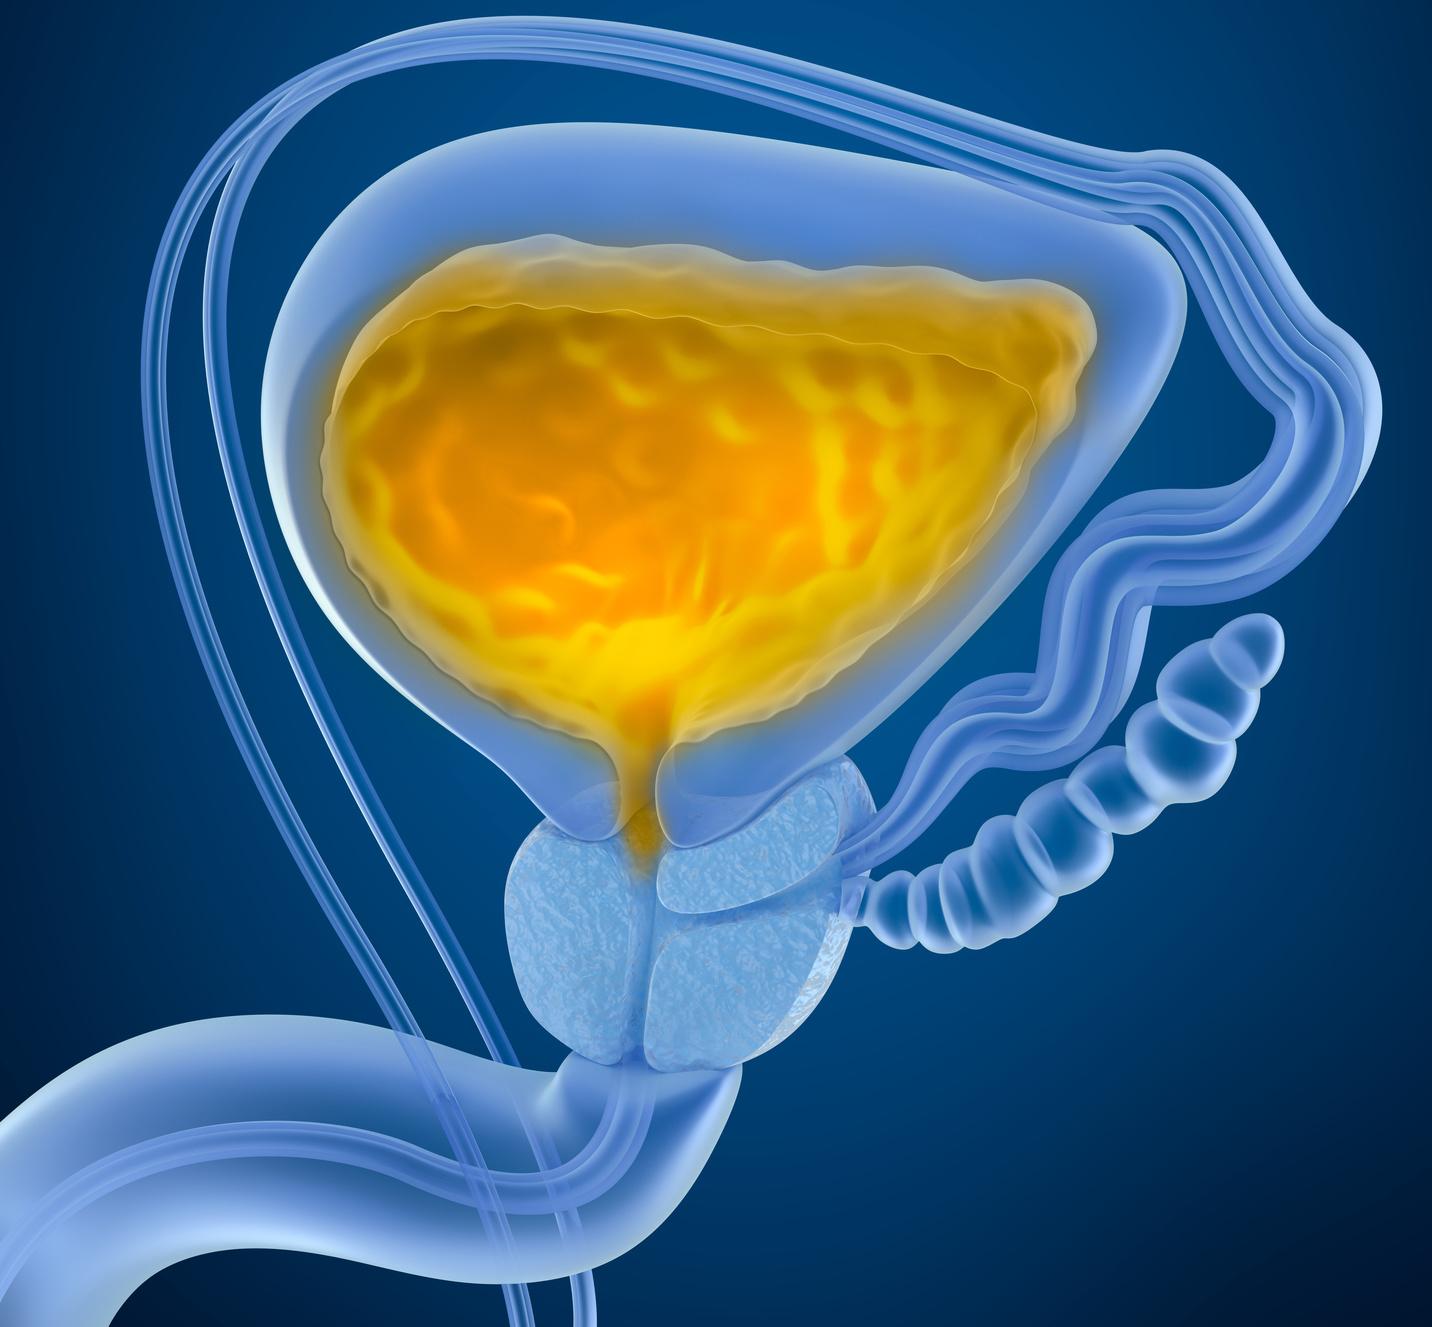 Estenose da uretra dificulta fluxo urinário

····················

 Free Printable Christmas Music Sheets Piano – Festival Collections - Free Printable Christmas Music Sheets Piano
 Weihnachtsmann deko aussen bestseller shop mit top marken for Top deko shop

····················

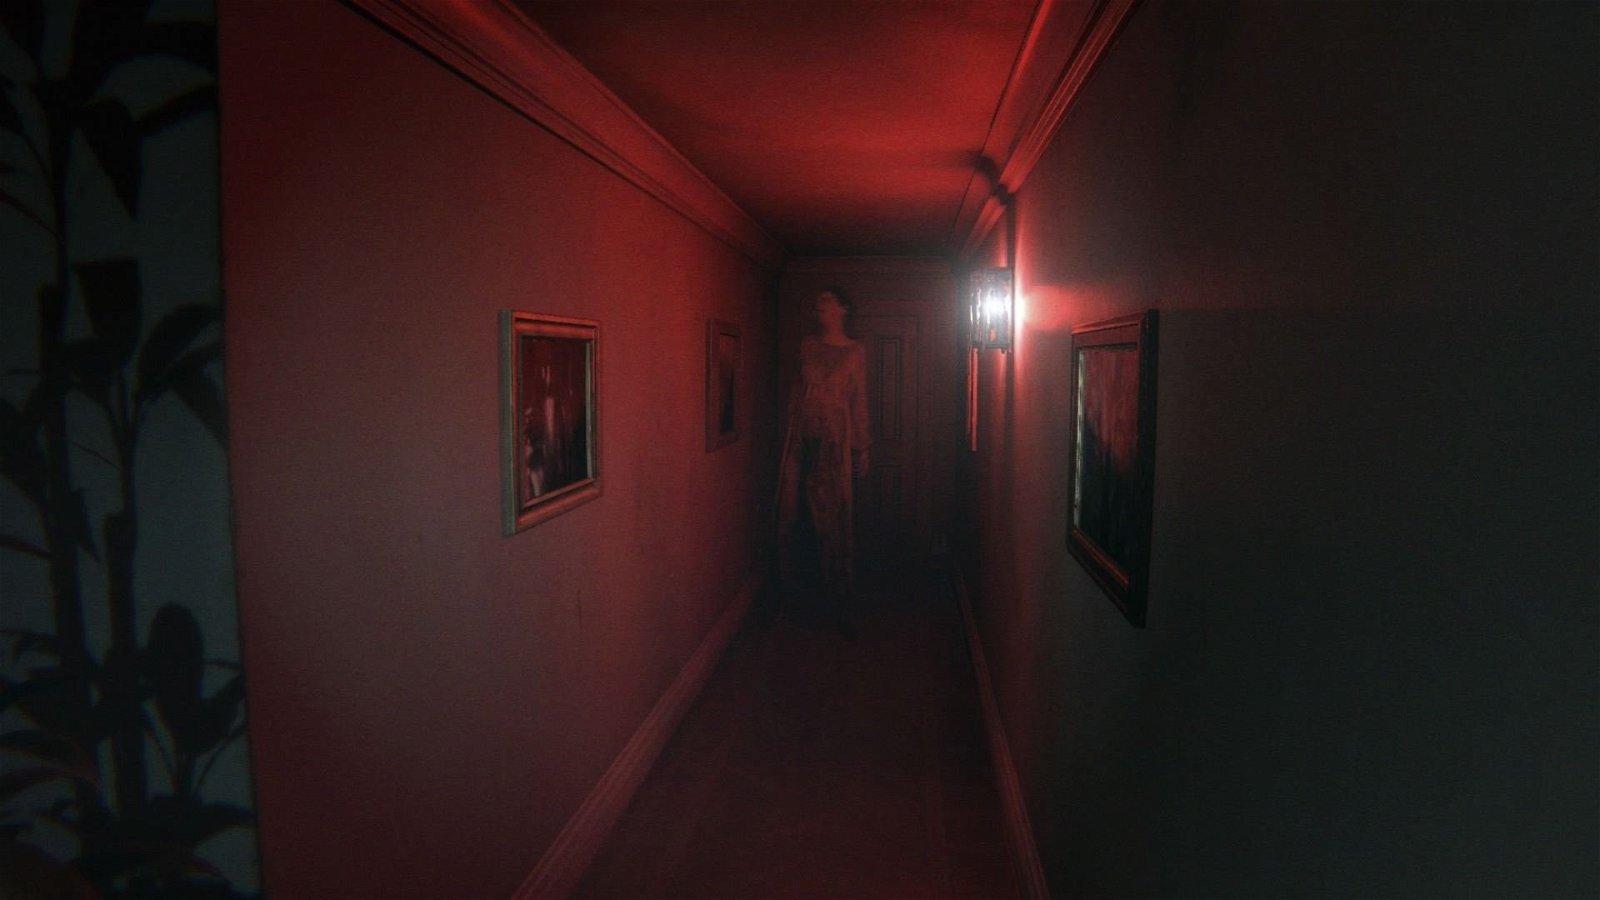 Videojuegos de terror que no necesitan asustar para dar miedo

····················

### EXERCISE
When you reach the line containing "Free Printable Christmas Music Sheets Piano –" in the data above, start copying exactly, and stop after the line containing "Weihnachtsmann deko aussen".

### ANSWER TO THIS PROBLEM
 Free Printable Christmas Music Sheets Piano – Festival Collections - Free Printable Christmas Music Sheets Piano
 Weihnachtsmann deko aussen bestseller shop mit top marken for Top deko shop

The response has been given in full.